▶ _Work required_
The output should contain the listing word for word and no pictures.

▶ _Supplied material_
[Start of Attachment]

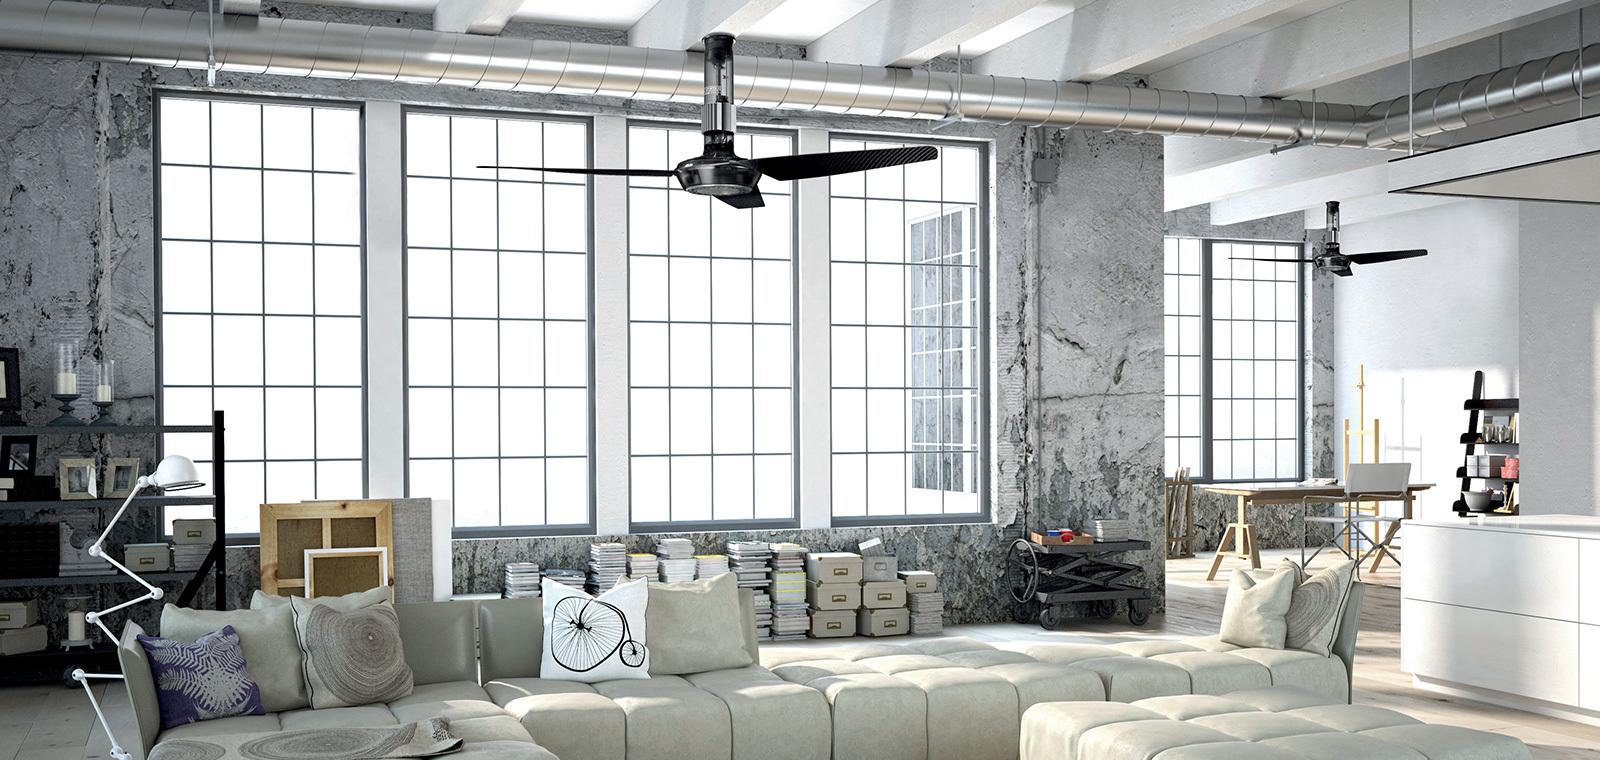 Nordik Air Design MOMO Design 180 cm (Dto. 30% incluido) 00070
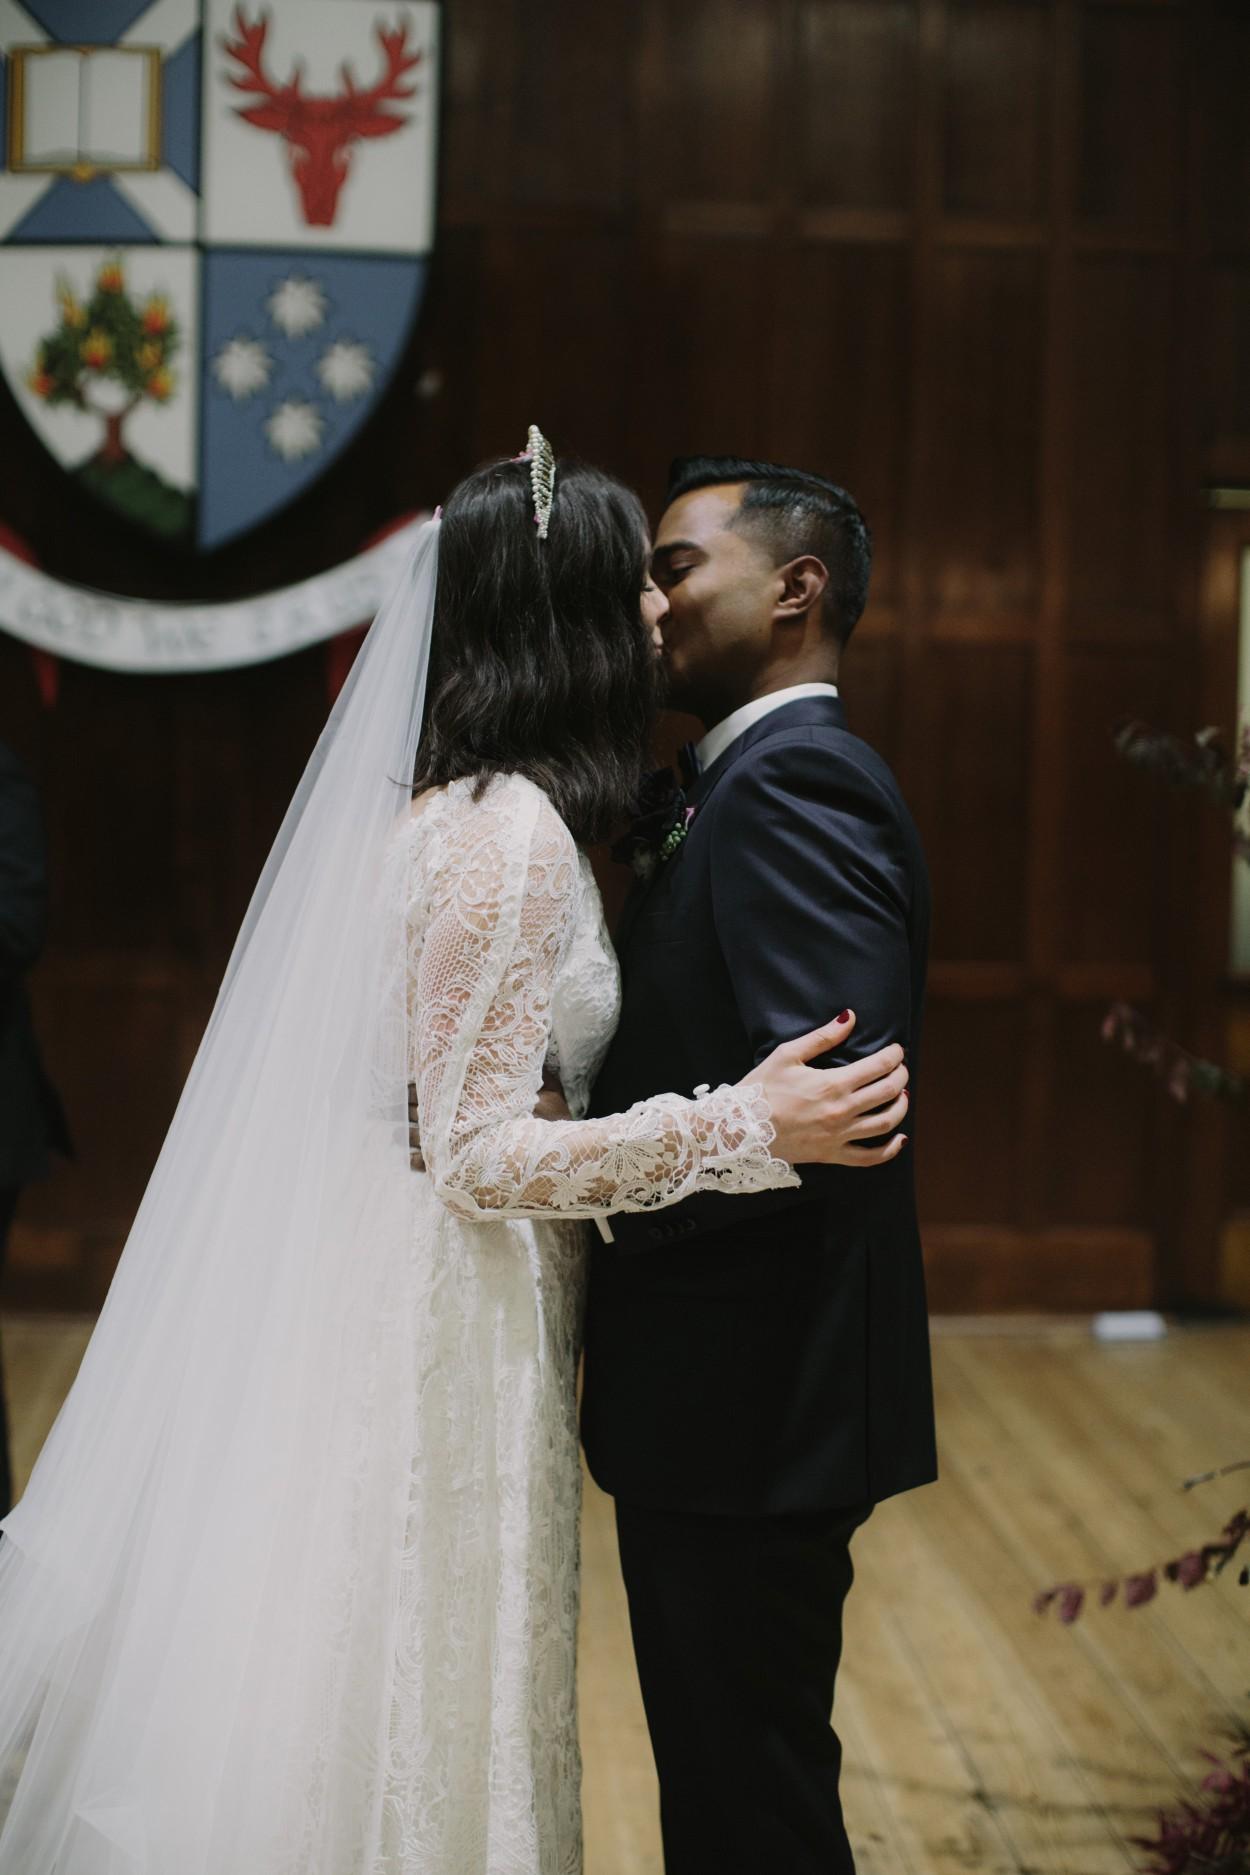 I-Got-You-Babe-Weddings-The-035George-Ballroom-St-Kilda-Wedding-Amy-Abhi.jpg
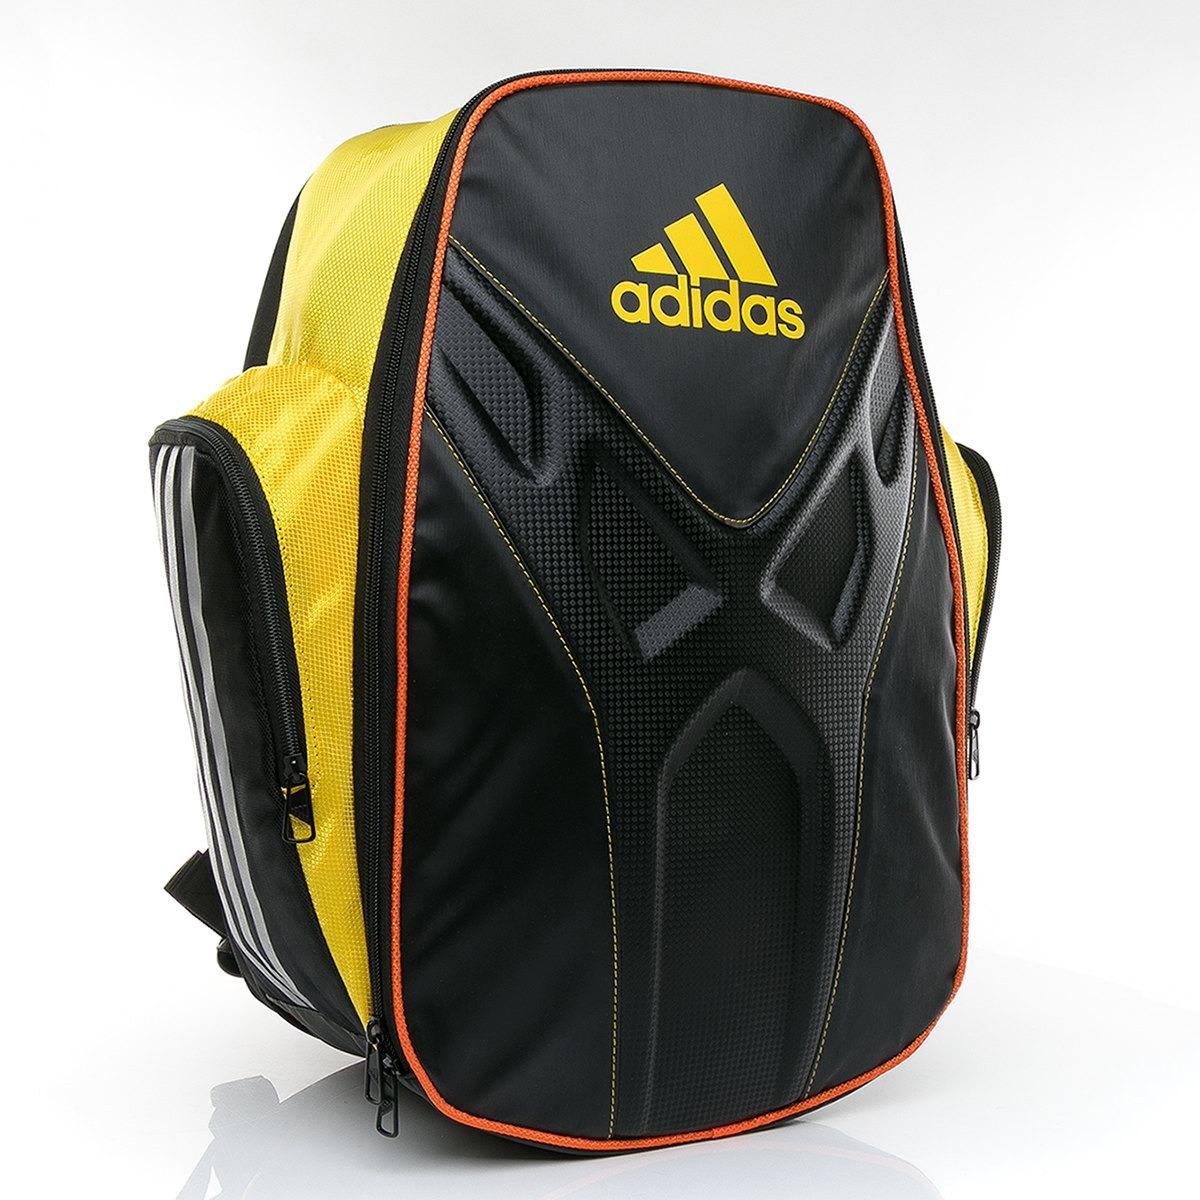 574d5508d Attak Mochila Adidas Adipower Sport 1 7 Padel 78 kXuTwilOZP

[End of Attachment]

▶ _Solution to this problem_
 Nordik Air Design MOMO Design 180 cm (Dto. 30% incluido) 00070
 I-Got-You-Babe-Weddings-The-035George-Ballroom-St-Kilda-Wedding-Amy-Abhi.jpg
 574d5508d Attak Mochila Adidas Adipower Sport 1 7 Padel 78 kXuTwilOZP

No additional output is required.